Par ailleurs, les autres articles cadrent moins bien avec le titre de la publication. Le deuxième article, portant sur les femmes comme enjeu politique, tente de démontrer que la conciliation entre citoyenneté et diversité est difficile à trouver tant en France, aux prises avec la question du voile et de la laïcité (question reprise dans le septième article), que dans les pays à majorité musulmane, soumis pour la plupart à des régimes autoritaires qui composent avec le pouvoir patriarcal. Dès lors, l’auteure réfléchit davantage sur les couples « Femmes du monde musulman et politique » ou « Femmes et politique dans le monde musulman » plutôt que « Femmes et politique au Moyen-Orient ». Compte tenu des nombreux écrits sur l’islamisme et sur la condition de vie des femmes dans ce climat religieux, l’auteure aurait pu être plus précise dans ces exemples sur les pays du Proche-Orient. Les réflexions sur les femmes islamistes qui portent un regard très critique sur les féministes occidentales et arborent le voile afin d’investir plus librement l’espace public (propos repris dans les deuxième, sixième et septième articles) intéresseront un large public, souvent ignorant des motivations du port du voile. Toutefois, le sujet nécessite de se référer plus systématiquement à divers travaux d’enquêtes sur le port du voile comme acte politique, en prenant des exemples précis dans plusieurs pays du Moyen-Orient, et de décortiquer les discours de ces femmes islamistes, bien que le témoignage d’une jeune Libanaise soit édifiant (p. 121). Cet approfondissement aurait davantage permis de réfléchir tant sur les modalités et les dangers des particularismes religieux et communautaires (proposés dans les deuxième et septième articles) que sur les difficultés du débat démocratique.
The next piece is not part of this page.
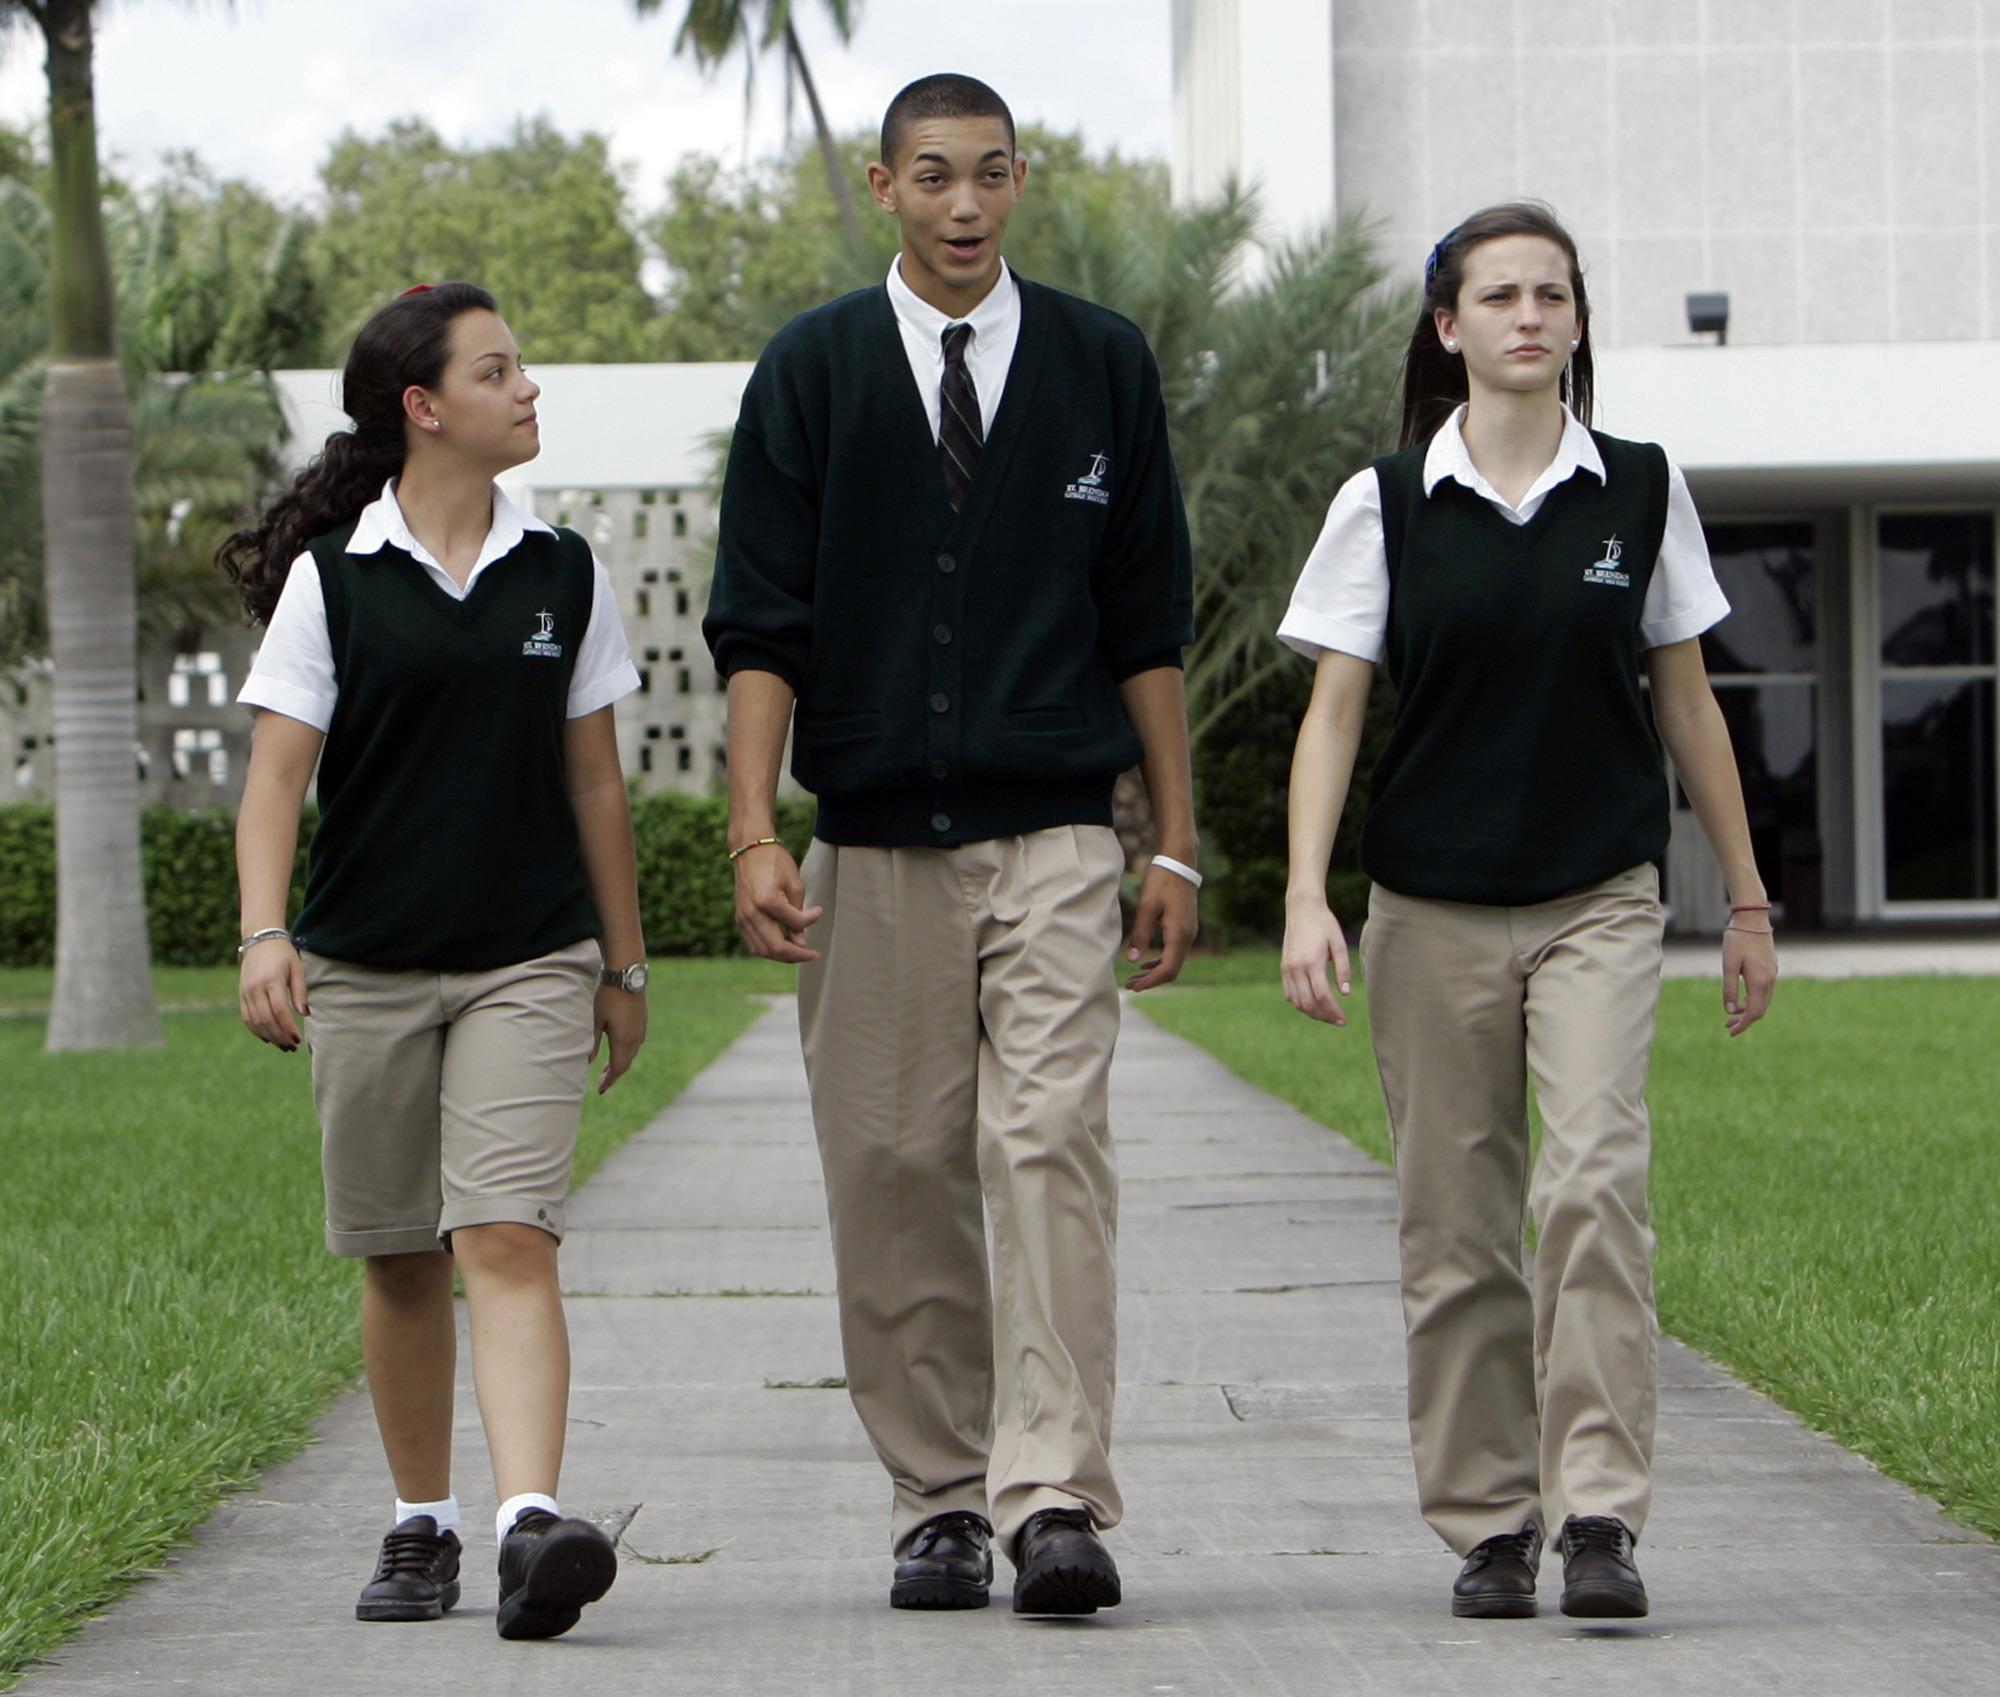 Uk uniforms

En intégrant le huitième et dernier article, qui porte non plus seulement sur les rapports de domination entre hommes et femmes mais d’homme à homme en parlant d’actes de sodomie, l’auteure fait le choix de traiter plus largement de questions taboues relativement à la sexualité dans les sociétés musulmanes, en se référant aux écrits de l’écrivain marocain M. Choukri et de l’écrivain égyptien S. Ibrahim. Selon l’auteure, la domination de l’intime d’autrui « rejoint le politique » (p. 157); cette réflexion intéressante aurait mérité d’être davantage justifiée étant donné que l’ouvrage porte sur les femmes. On peut dès lors légitimement se demander pourquoi la question taboue du mariage forcé, par exemple, n’a pas été traitée pour mieux cadrer avec le thème général de l’ouvrage. En somme, cet ouvrage qui offre plusieurs pistes de réflexion, intéressera un large public toujours enclin à s’interroger sur le statut de la femme dans le monde musulman. Les spécialistes de la question en revanche auraient souhaité que la thématique générale soit plus approfondie et ne couvre pas seulement deux pays du Proche-Orient (Égypte et Palestine) afin qu’un véritable comparatisme soit proposé et développé.